Landscape Dynamics Concepts

Landscape dynamics uses simple concepts
of agent based systems and of evolutionary game theory.

We use concepts of agent based models (ABM).

Intelligent agents move about in a geometric space.

There is a fundamental geometric space, the strategy space.

This is a finite-dimensional Euclidean space or smooth manifold, every point of which, x, represents a strategy that may be chosen by an agent.

The agents positions are summarized in a normalized histogram.

The strategy space is discretized into bins, the number of agents in each bin counted, and the count divided by the total number of agents.

The function obtained is a probability density, f.

The cumulative distribution to this density is denoted, F.

Thus F is the integral of f.

The agents move according to a dynamical rule depending on F.

As they move, F changes, so the dynamical rule changes as well.

Such a system may be represented by a partial differential equation.

Discretizing time into small increments, the agents move in steps.

After each step, F is recomputed, determining the rule for the next step.

We use concepts of evolutionary game theory (EGT).

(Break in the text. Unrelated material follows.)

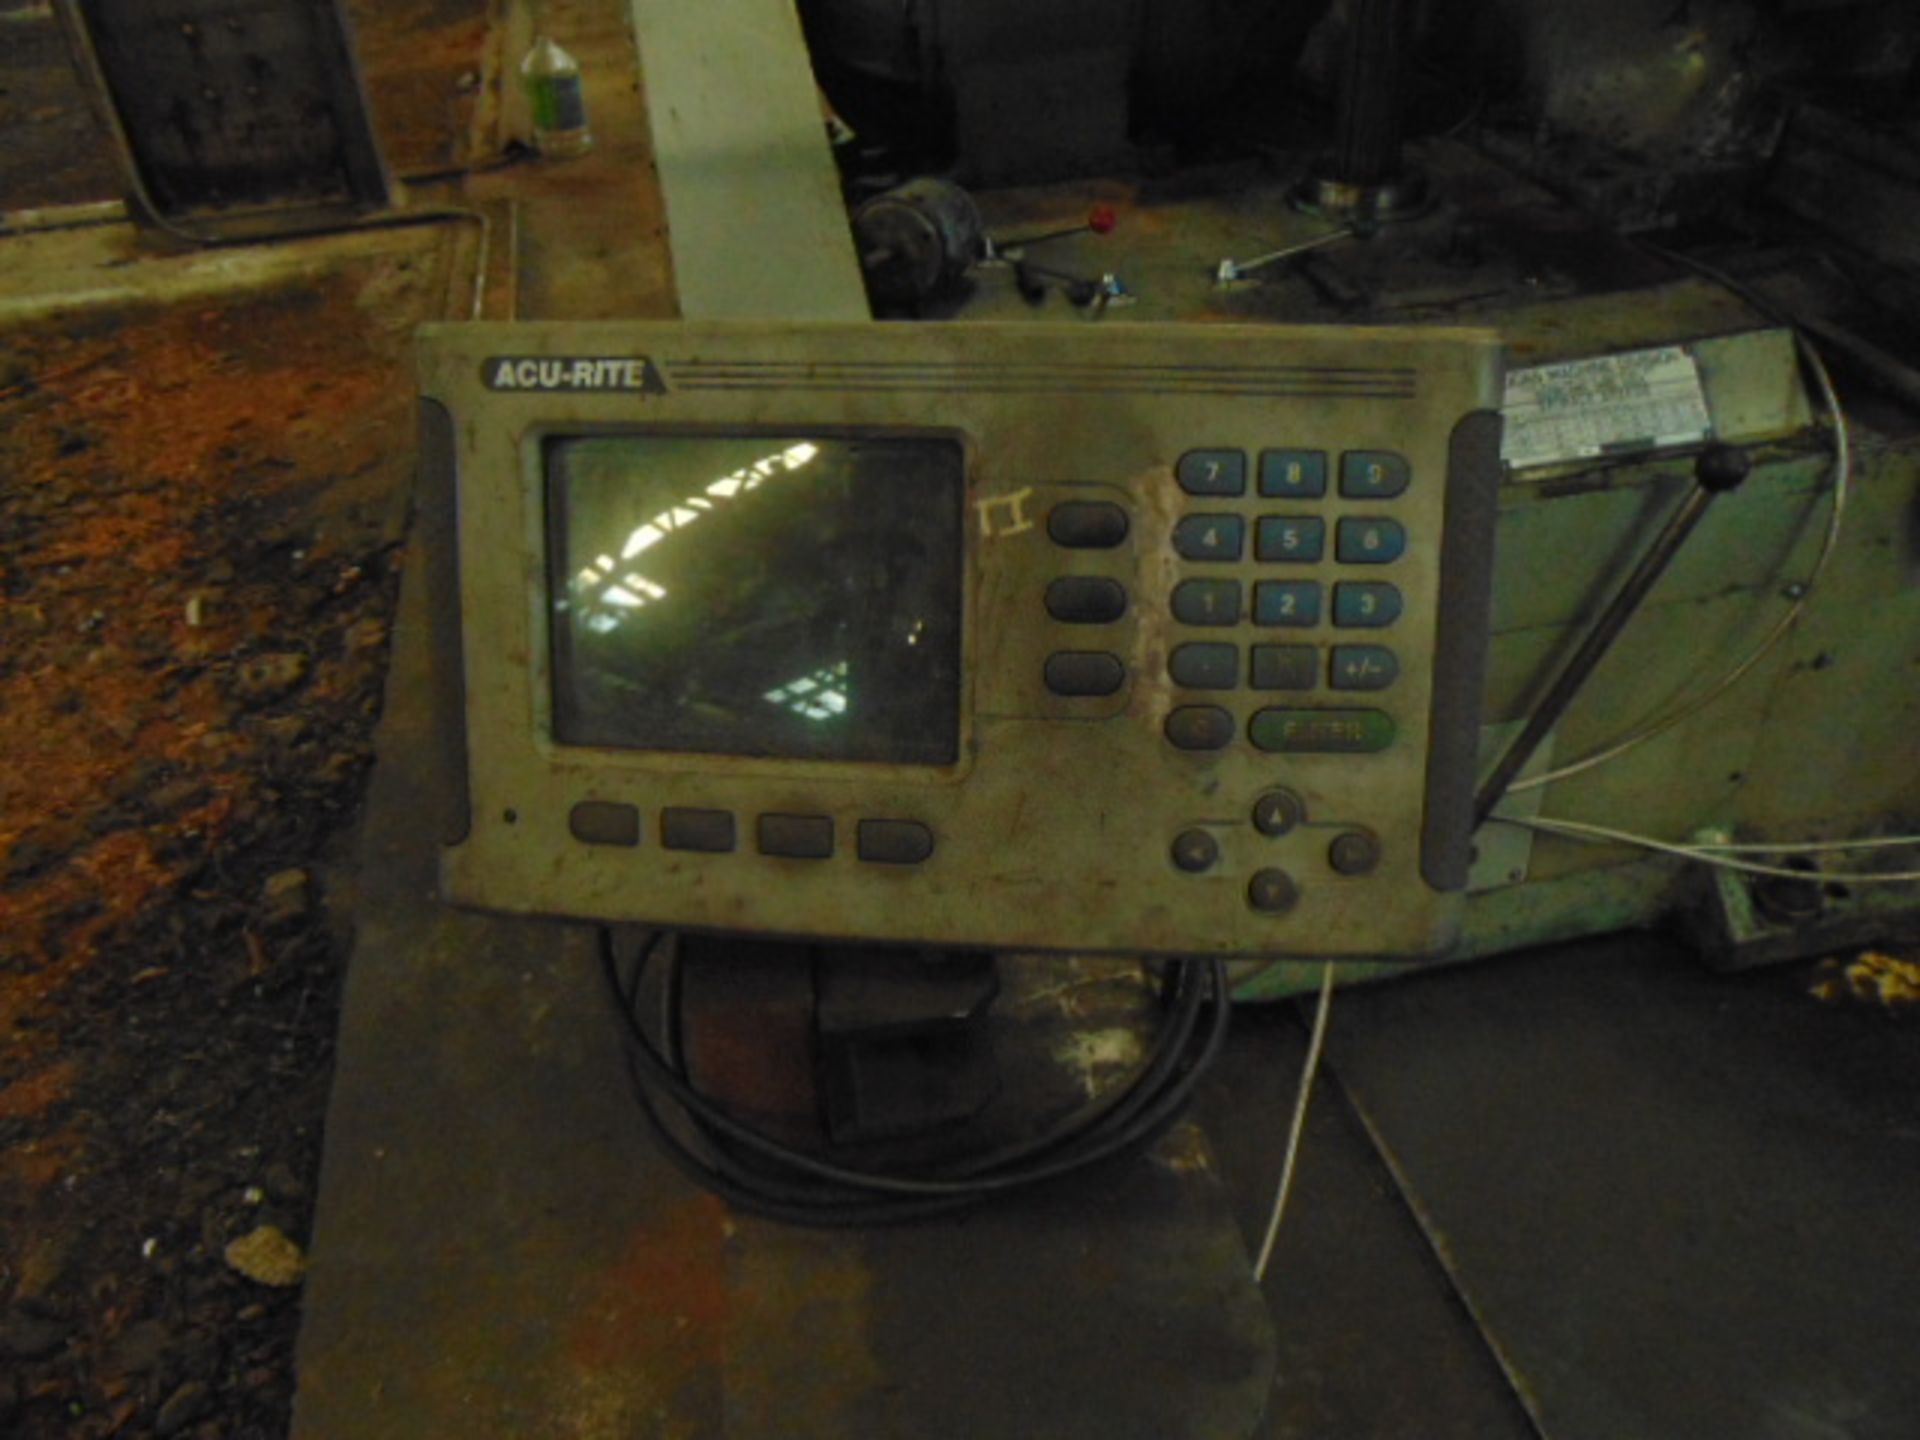 TABLE TYPE HORIZONTAL BORING MILL, LUCAS MDL. 428-60, 40" x 74" tbl., 60" cross travel, approx. - Image 8 of 16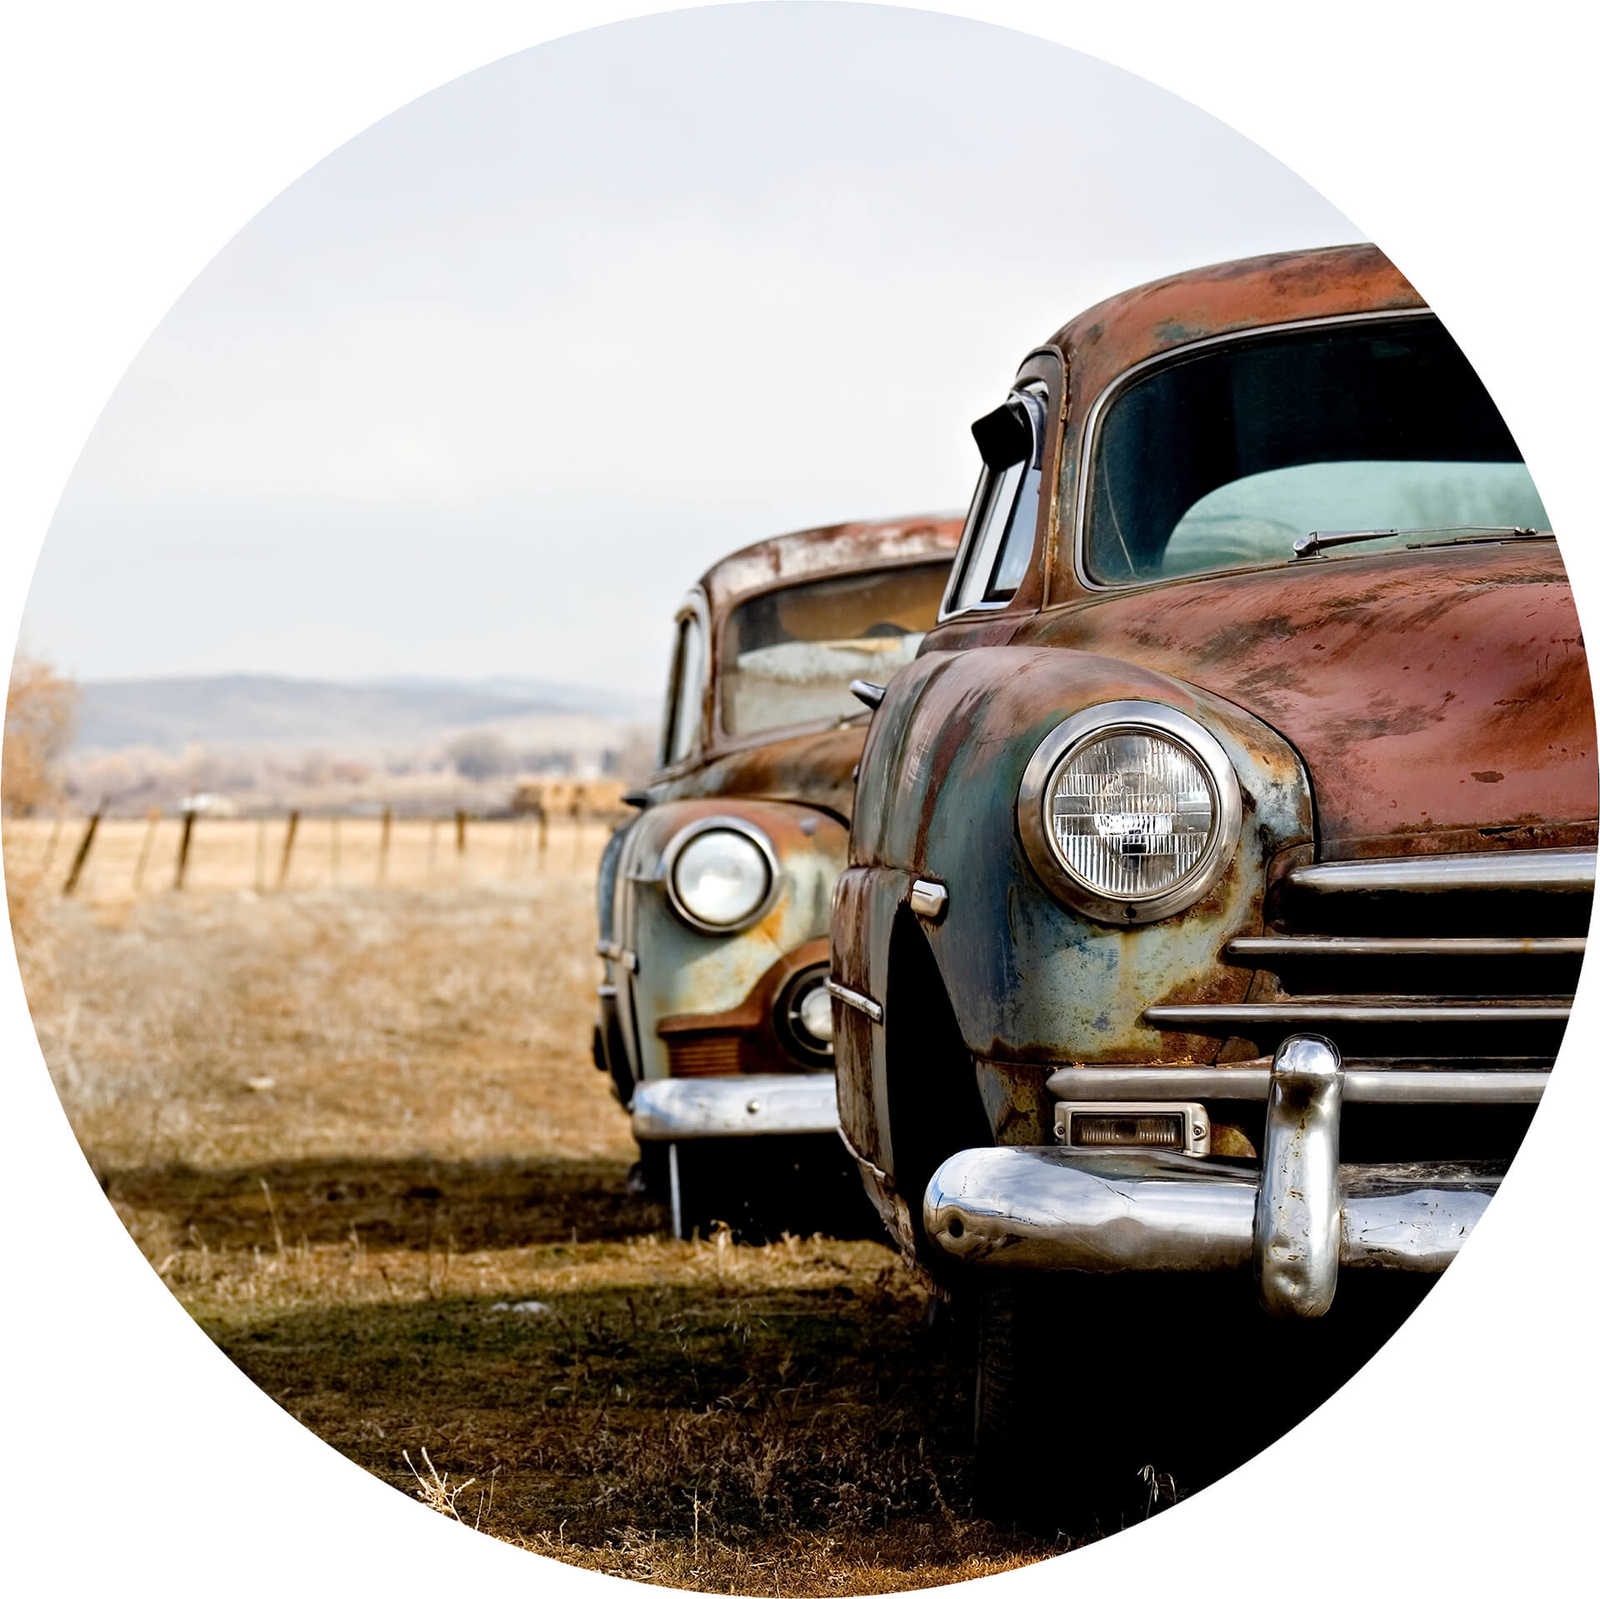         Photo wallpaper round old rusty car

Agents play a game as they move.

A landscape dynamical system also has a payoff function, P.

Each agent earns a payoff for each step of play.

The payoff for one agent depends on the distribution of all other agents:
P(x, F), a real number.

The dynamical rule in landscape dynamics is the gradient rule.

Each agent moves up the slope of the payoff function.

The landscape dynamical system is a flow on a function space.

Think of the initial distribution as the initial point of a trajectory.

The motion of agents according to the dynamical rule moves F.

We may observe the action of the landscape dynamical system by watching the histogram as an animated movie.